⟨

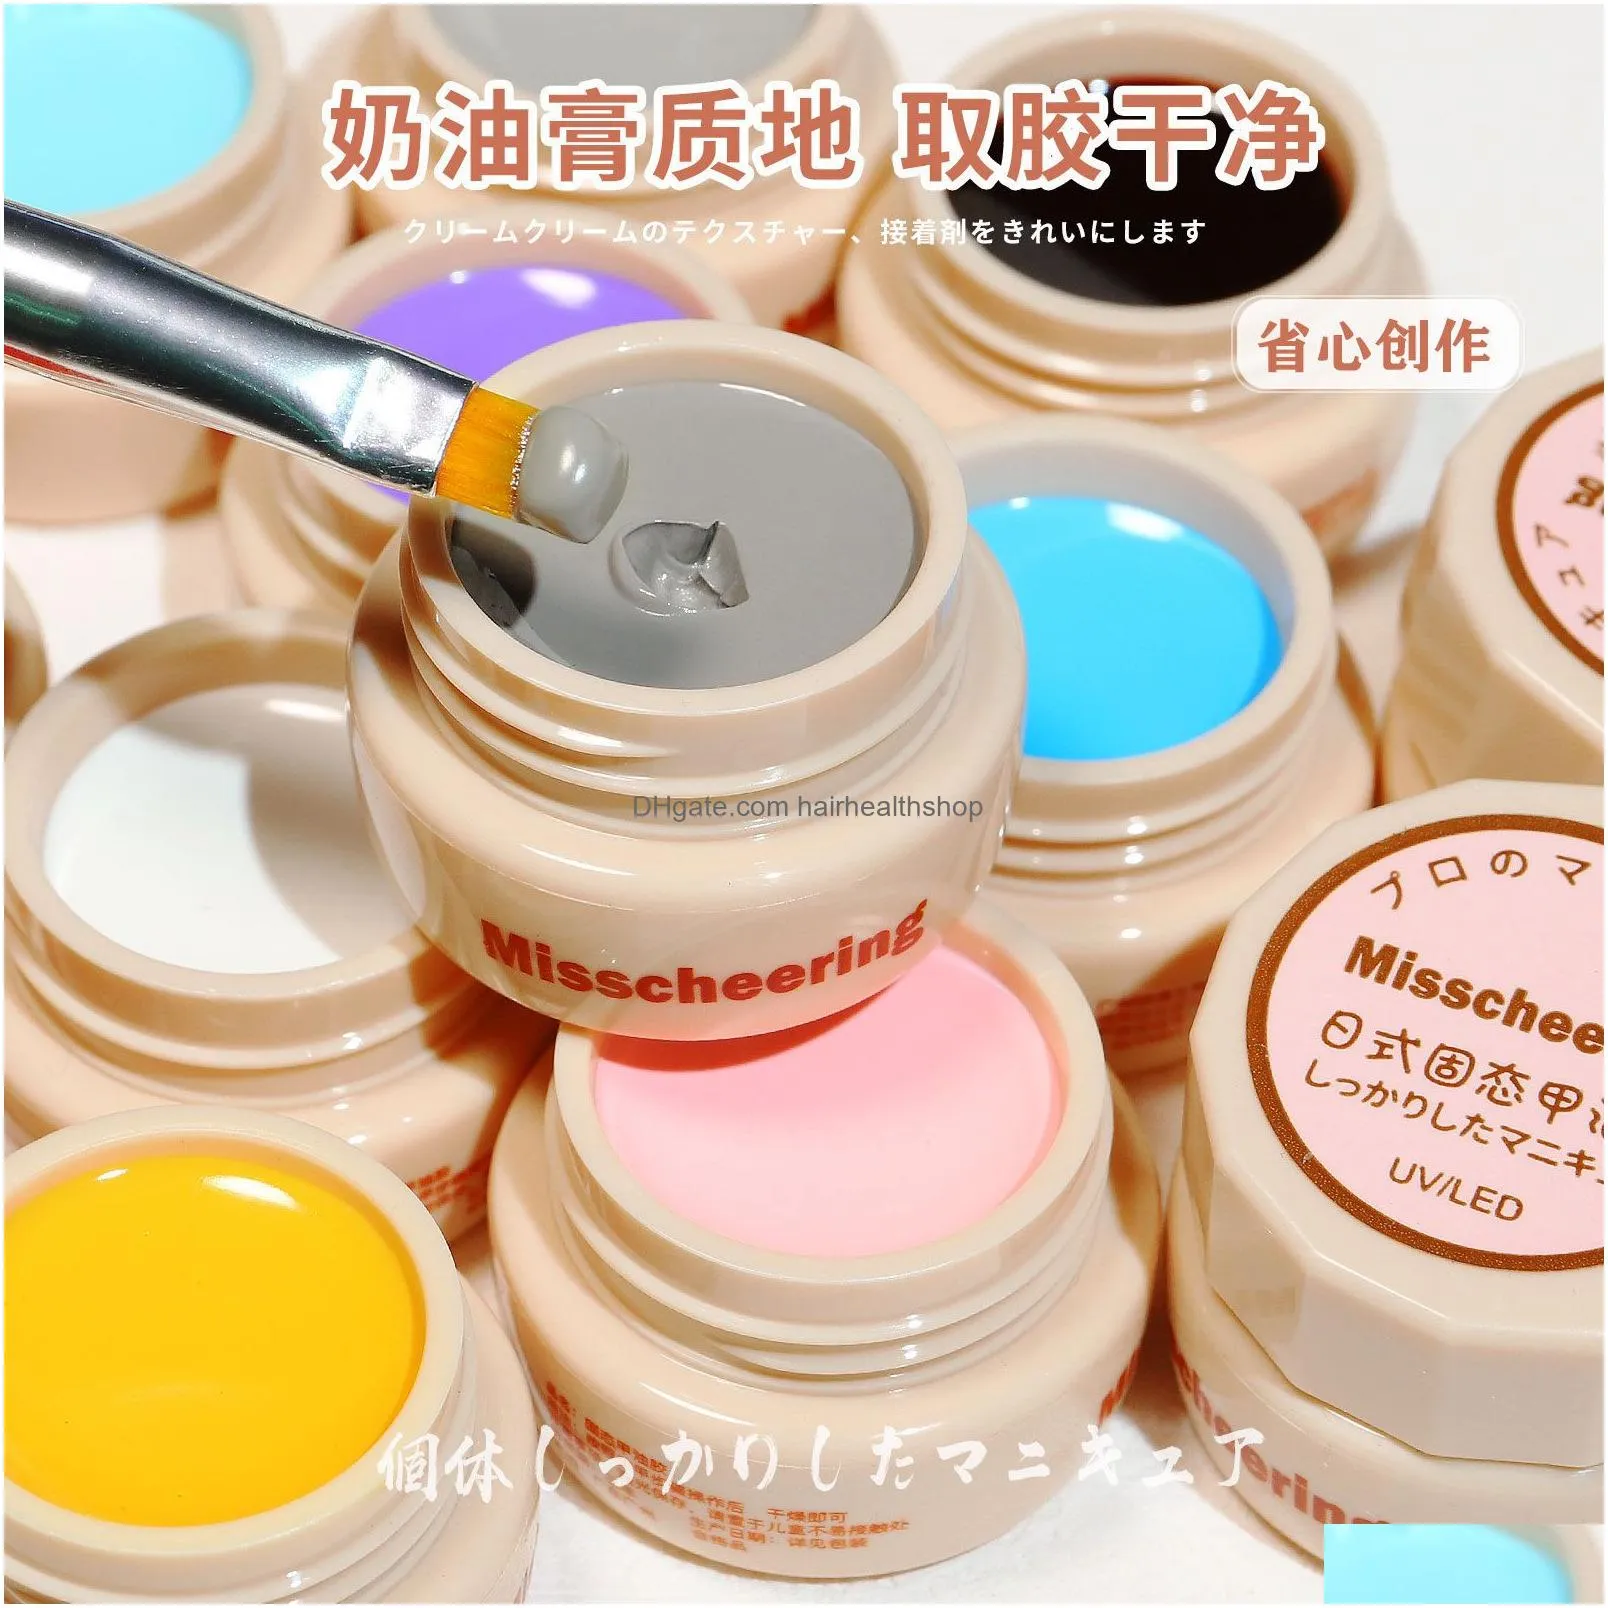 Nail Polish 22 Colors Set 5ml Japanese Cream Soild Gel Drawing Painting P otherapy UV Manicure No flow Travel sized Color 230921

⟩
⟨

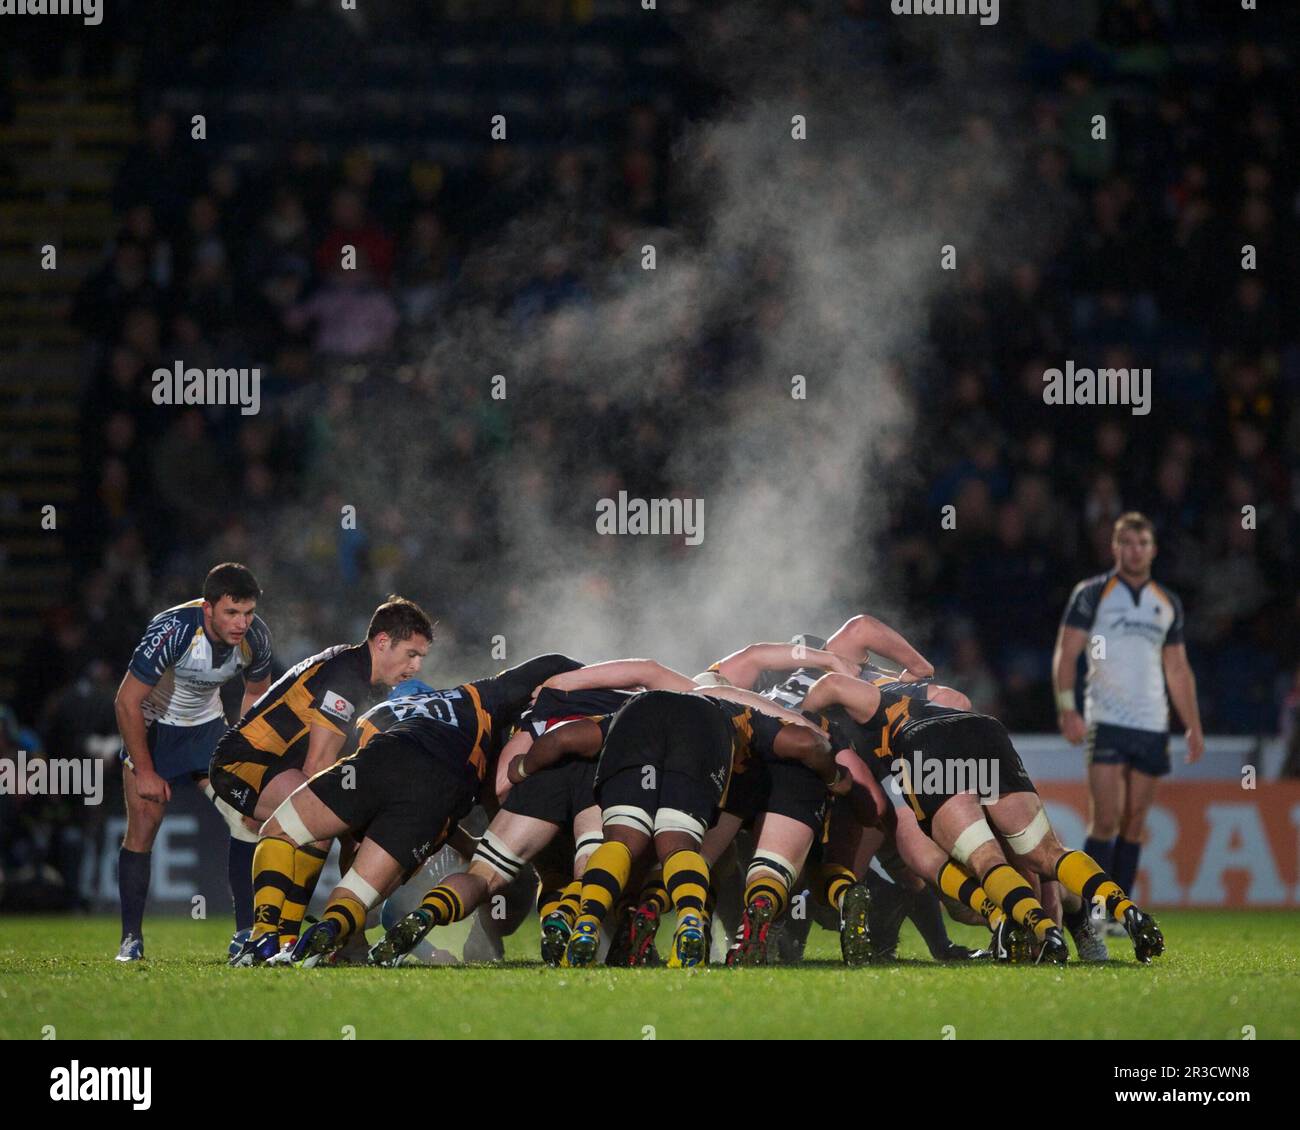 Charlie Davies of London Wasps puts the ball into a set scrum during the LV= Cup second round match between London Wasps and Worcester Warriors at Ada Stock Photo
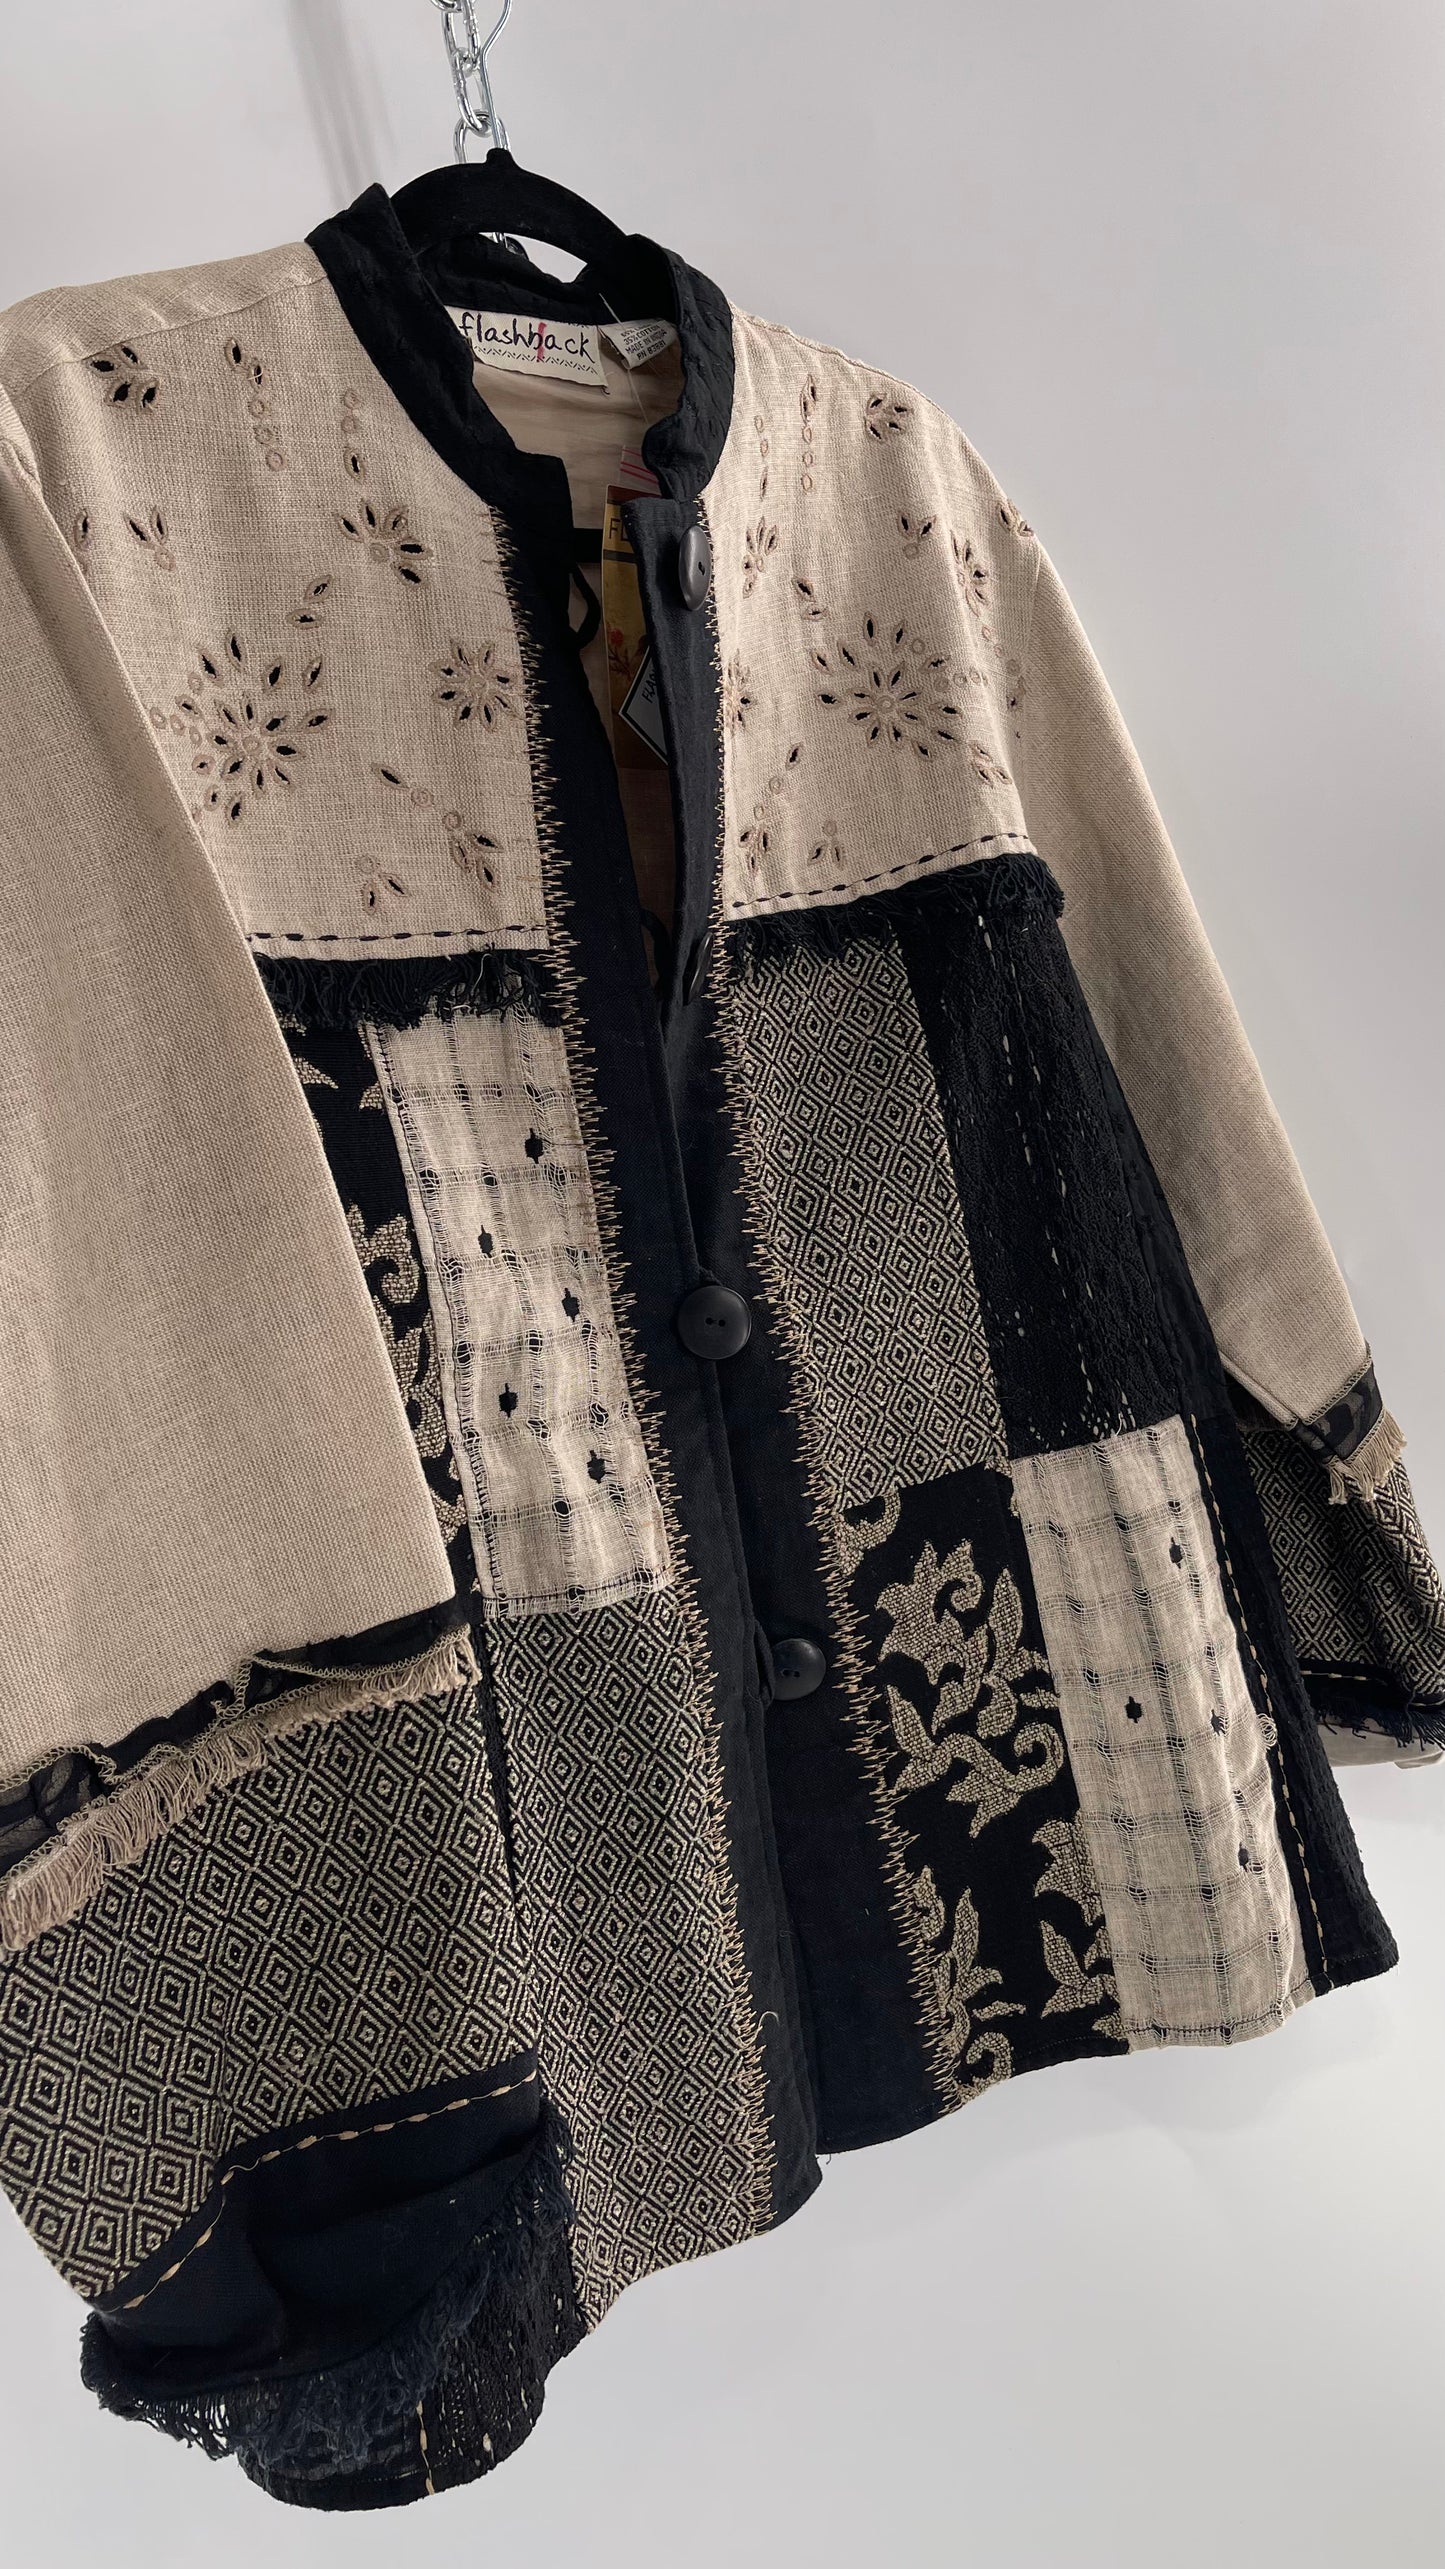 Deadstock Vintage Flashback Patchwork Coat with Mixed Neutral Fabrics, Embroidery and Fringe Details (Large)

⟩
⟨

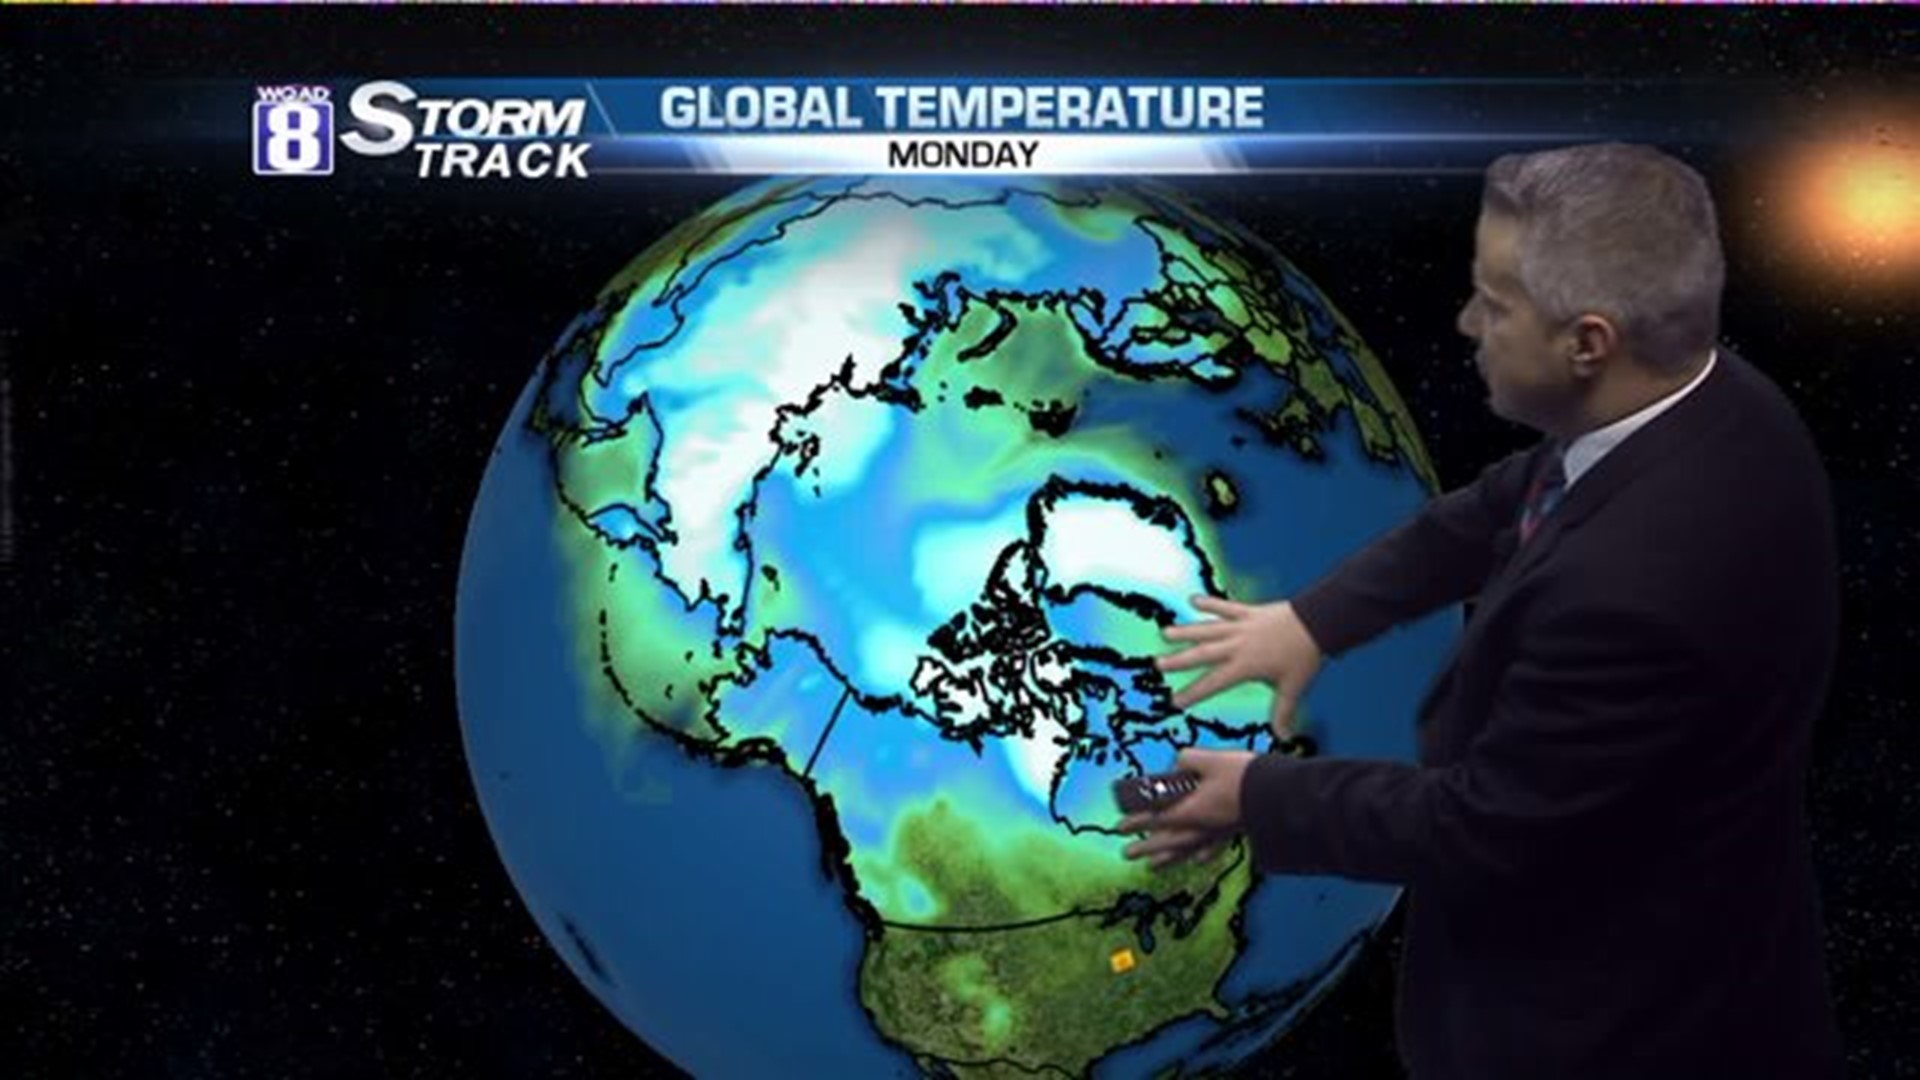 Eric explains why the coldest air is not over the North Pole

⟩

• EXERCISE: Give back exactly the lines of the listing above from the one that contains "Charlie Davies of" up to and including the one that contains "Deadstock Vintage Flashback", but not the pictures, and no other lines.

• RESPONSE TO THIS EXERCISE:
 Charlie Davies of London Wasps puts the ball into a set scrum during the LV= Cup second round match between London Wasps and Worcester Warriors at Ada Stock Photo
 Deadstock Vintage Flashback Patchwork Coat with Mixed Neutral Fabrics, Embroidery and Fringe Details (Large)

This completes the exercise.